Fredric Jameson is no longer here to remind us that imagining the end of the world is easier than imagining the end of capitalism, but the just concluded COP29 climate summit has refreshed our memory. Although securing profits is the primary goal of fossil fuel corporations along with the governments that love them, and the end of the world merely a collateral-damage byproduct, the COP29 climate summit once again showed just where priorities lie.
The very location of the summit, Azerbaijan, a country in which oil and gas bring in about 90 percent of its export earnings, is enough to determine what will be deemed a priority, no matter the cheerful statements on the COP29 website.
The 29th Conference of the Parties to the United Nations Framework Convention on Climate Change (as COP29 is formally known) ended with agreements that fall far short of what is necessary to prevent runaway global warming and with no mechanism for ensuring that those inadequate pledges will be met. In other words, business as usual.
This was the second straight climate summit to be held in a major fossil fuel producer, after last year’s COP28 in the United Arab Emirates. That one ended with the world’s governments “encouraged” to “transition away” from fossil fuels while promoting finance capital as the savior. Not to be confused with the achievements of prior climate summits. The 2022 COP27 in Egypt ended with “requests” to “revisit and strengthen” 2030 climate targets. Oh please consider stopping your environmental destruction if it’s not too inconvenient. That was preceded by COP26 in Glasgow failing to enact any enforcement mechanisms; COP25 in Madrid concluding with an announcement of two more years of roundtables; COP24 in Katowice, Poland, promoting coal; and COP23 in Bonn ending with a promise that people will get together and talk some more.
You get the idea.
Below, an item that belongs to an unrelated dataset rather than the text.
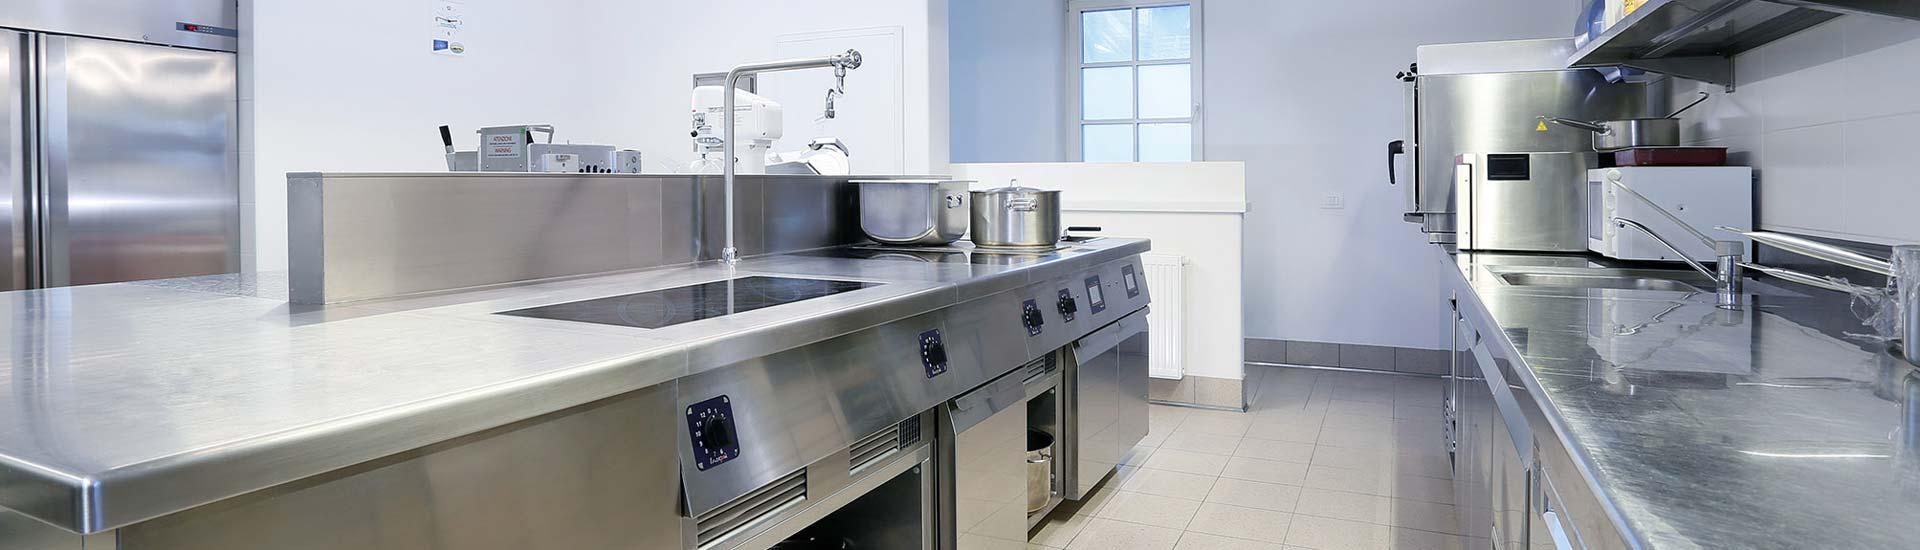 Geräte, Küchengeräte, Barausstattung für die Gastronomie ...

And there were more “decisions” at COP29. For example — try not to jump out of your seat in excitement upon reading this — the summit leaders will “undertake a special assessment of access to climate finance at the twelfth session of the Conference of the Parties serving as the meeting of the Parties to the Paris Agreement (2030) with a view to assessing progress in relation to the matters referred to in paragraphs 21-24 above and identifying further opportunities for enhancing access to climate finance in accordance with the aim of the new collective quantified goal and in line with Article 9, paragraph 9, of the Paris Agreement.” The world’s governments also “Decide to periodically take stock of the implementation of this decision as part of the global stocktake and to initiate deliberations on the way forward prior to 2035, including through a review of this decision in 2030.”
To translate those “decisions” into plain language, the summit concluded with an agreement that more access to finance, including loans, would be nice and that they will gladly check on the world’s progress six years from now, in 2030. Worse, even last year’s goal to “transition away” from fossil fuels — whatever that might mean in practice — was deemed too controversial and thus was jettisoned from final texts, reportedly due to heavy arm-twisting by Saudi Arabia.
Not much of a sense of urgency there. As to the role of finance, it would be useful for us to remember that from 2015, when the Paris Climate Accord was signed, through 2022, 60 of the world’s biggest banks invested US$4.6 trillion in fossil fuel projects. Four United States-based banks were the worst offenders, according to a report by seven environmental organizations, and three Canadian banks are among the top dozen in the world for financing fossil fuels. Each of these are big contributors to fracking and tar sands production. It’s not only companies like Saudi Aramco and the Abu Dhabi National Oil Company.
If you have money, you can shift the responsibility
The slogan emblazoned on Azerbaijan’s official COP29 website is “In Solidarity for a Green World.” If by “green” is meant money, then that slogan means what it says. On the page listing the climate summit’s accomplishments, the figure of $1.3 trillion is shown as a new commitment. What does this $1.3 trillion consist of? The largest portion, $1 trillion, represents “Financial flows from compliant carbon markets” that may reach that total by 2050. The remaining $300 billion represents a yearly goal of money sent by developed countries to developing countries to subsidize the latter’s work to counteract the effects on them due to global warming.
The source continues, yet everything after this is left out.